I start my day .Five minutes out of the bed- And I am already confused.
Thinking about why life has a purpose.
Two minutes later- “I should pray. Wonder what my creator thinks of me”
A minute later- “Why do people matter. I hate everyone. Damn ! I miss them. I loved him. Arghhh!”
Staring into the darkness-“What am I doing with my life!”
Playing with my hair. “OMG, I have split ends. Great. I look bad. My face does not look beautiful anymore. ”
A minute later.
“What face! Anyways when I die, worms will eat it”
“Oh Allah – I better pray. At least for the nur of my face. Great; what thoughts. Allah must be laughing at me”.
Now after posting on this blog like it’s a personal blog, I am writing after fifty billion years. Courtesy my Univerity wi-fi. They even blocked WordPress.

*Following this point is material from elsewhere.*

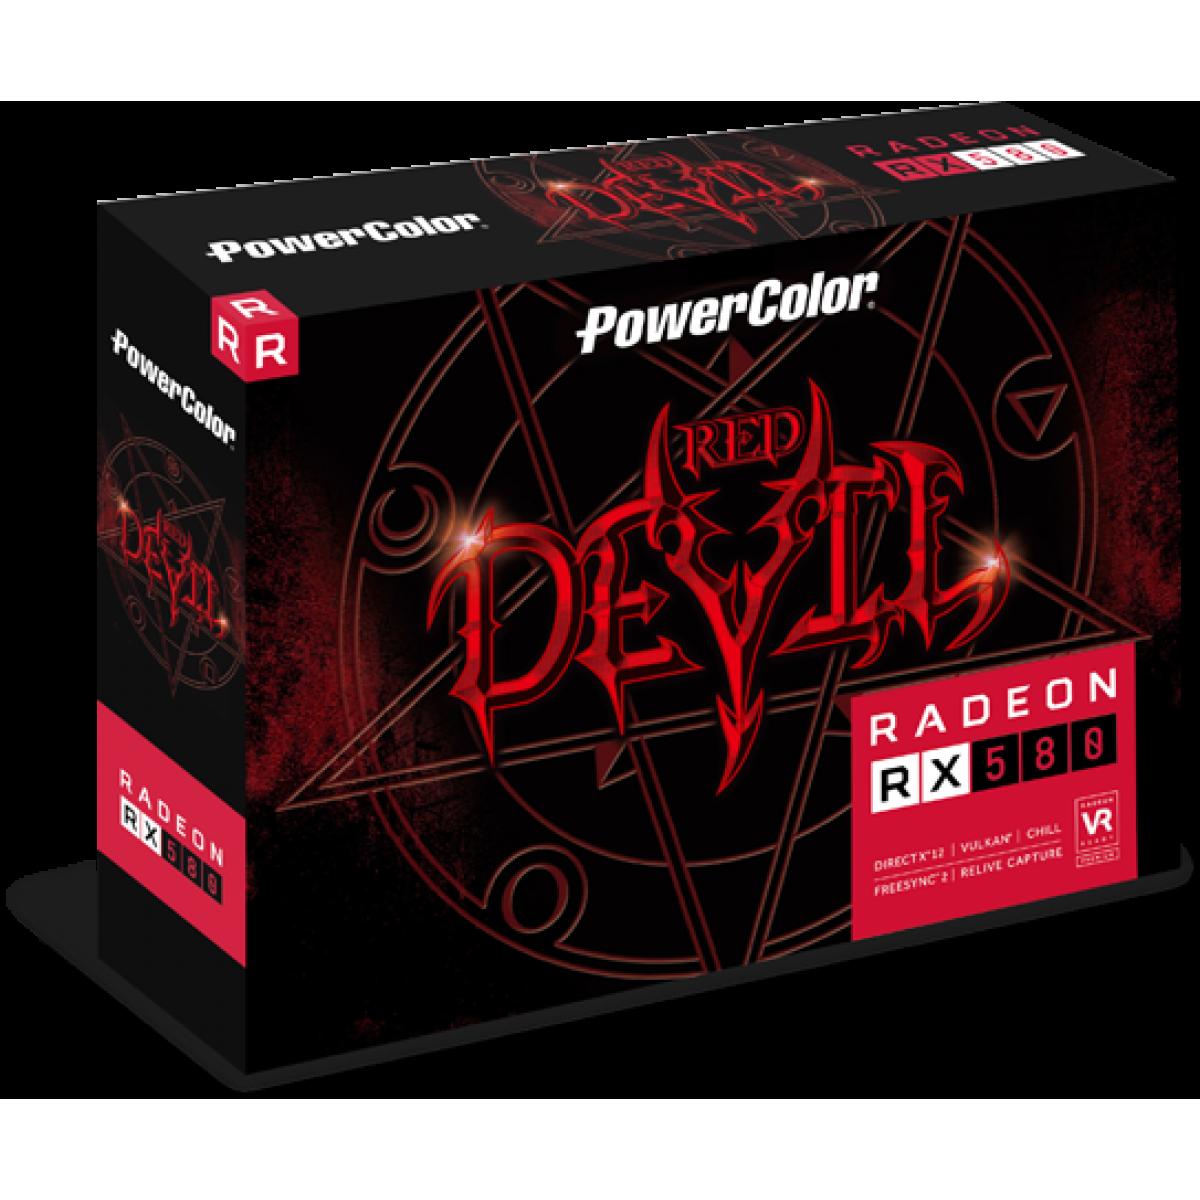 Placa de Vídeo PowerColor, Radeon, RX 580 Red Devil, Dual, 8GB, GDDR5, 256Bit, AXRX 580 8GBD5-3DH/OC

Now there are times when its so hard to decide. When Shaytaan kills you, irritates you. You feel purposeless. Yeah, that happens when I am PMS-ing. Life has so many *such* I feel weird moments. Anxiety- will I get into that university, will that dress fit me, will I get through that interview, will he marry me or not, will I complete that book or not.
Brushing off the anxious thoughts – maybe you can replace them with – How will I answer my creator, fear Allah . If I pray ,I will get through anything. There are many things. Maybe replace “things” with “people”, many people whom you will lose, miss, ignore. You may miss talking to them, doing things with them. At at the end you know, it was for the best.